The so-called wildcards—Iran, Russia and Venezuela—do little to ease the picture. Russia is constrained by sanctions, technology access and declining upstream productivity. Venezuela has vast resources but lacks the infrastructure, political stability and capital to restore production meaningfully in the near term. Iran is the only producer with measurable upside, having demonstrated output near 3.8 mb/d in the past versus around 3.4 mb/d today. Even if it regained that capacity, the additional volumes would be marginal relative to the annual depletion rate, not to mention the medium-term demand outlook.
Taken together, these dynamics frame 2026 not as a year of surplus comfort, but as a year where the seeds of future tightness are planted. A temporary dip in prices would not be surprising in Q1, but it would represent short-term noise rather than long-term equilibrium. The structural reality is simple: the world will require sustained investment to prevent a supply crunch in the early 2030s, and that investment only materialises if prices remain high enough to justify long-cycle commitments.
The market must therefore choose between two paths. It can allow prices to firm gradually—supporting the drilling, upstream expansion and long‑cycle projects required over the coming decade—or it can risk far sharper price increases later as scarcity becomes the dominant driver. Even with a short‑term overhang, deferring investment only amplifies future tightness. The core message is not that a surplus looms in 2026, but that meeting future demand requires a sustainably higher price environment. The earlier that price signal appears, the lower the eventual peak is likely to be. A disorderly surge in crude prices benefits no one, especially producers depending on crude production as their main revenue generator as it accelerates the shift toward alternatives, tightens financial conditions and risks renewed inflation alongside slower growth.
For investors looking to position for structurally higher crude, the integrated oil majors remain the most direct and liquid route. The sector continues to trade at modest valuations relative to broader equity markets, with earnings multiples still discounting a world where long‑term oil demand stagnates. The IEA’s shift away from early peak‑demand narratives challenges that assumption, and the combination of low valuations and strong free cash flow makes the majors natural beneficiaries of a firmer price environment.

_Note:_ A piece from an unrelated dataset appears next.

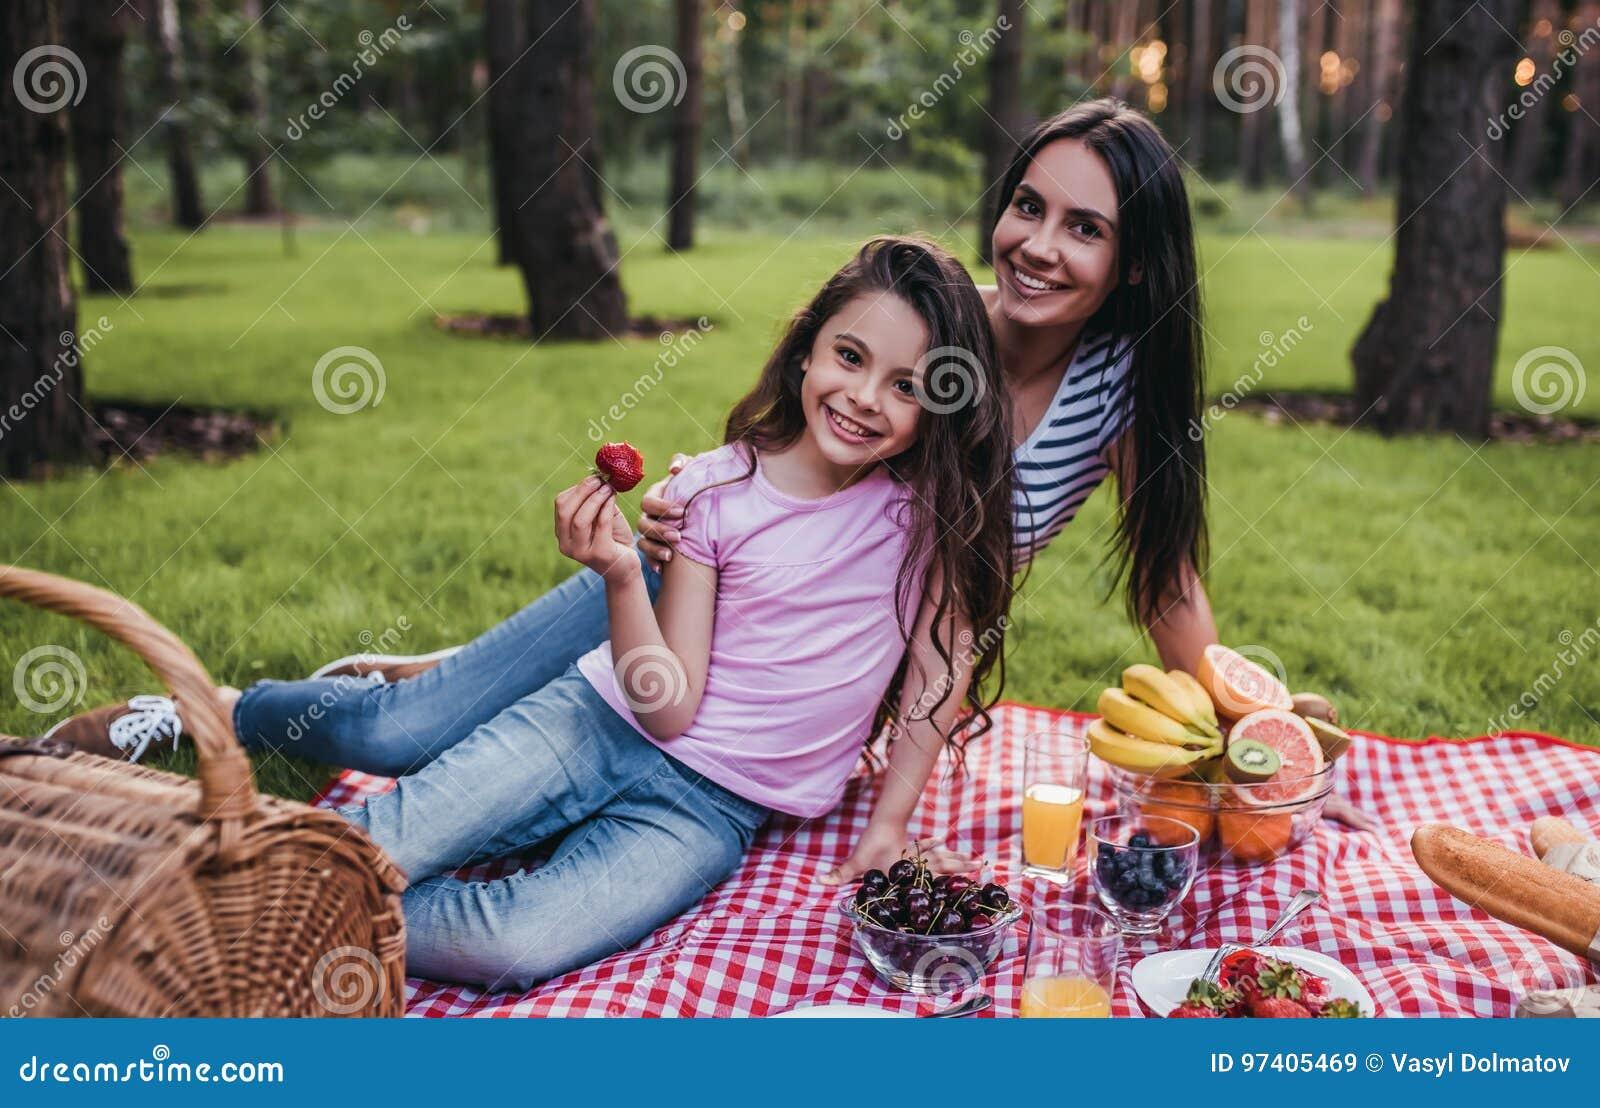 Mamma und Tochter auf Picknick

The five largest integrated producers—ExxonMobil, Chevron, Shell, BP and TotalEnergies—offer diversified exposure across upstream, downstream and low‑carbon assets. Their upstream operations provide leverage to rising crude, while refining and marketing divisions help stabilise earnings. With disciplined capex and an emphasis on dividends and buybacks, these companies are well‑positioned if crude prices strengthen in line with the structural outlook.
For broader exposure, investors can consider energy‑focused ETFs. XLE and IOGP provide large‑cap integrated and upstream coverage, while XOP offers a higher‑beta alternative via exploration and production companies. These instruments offer diversified, liquid exposure to a sector that remains attractively priced relative to both historical norms and other commodity‑linked industries.
If the market shifts toward a higher and more durable price regime—as supply‑demand fundamentals suggest—the energy equity complex offers a balanced way to participate, combining income with leverage to a structurally tighter crude market.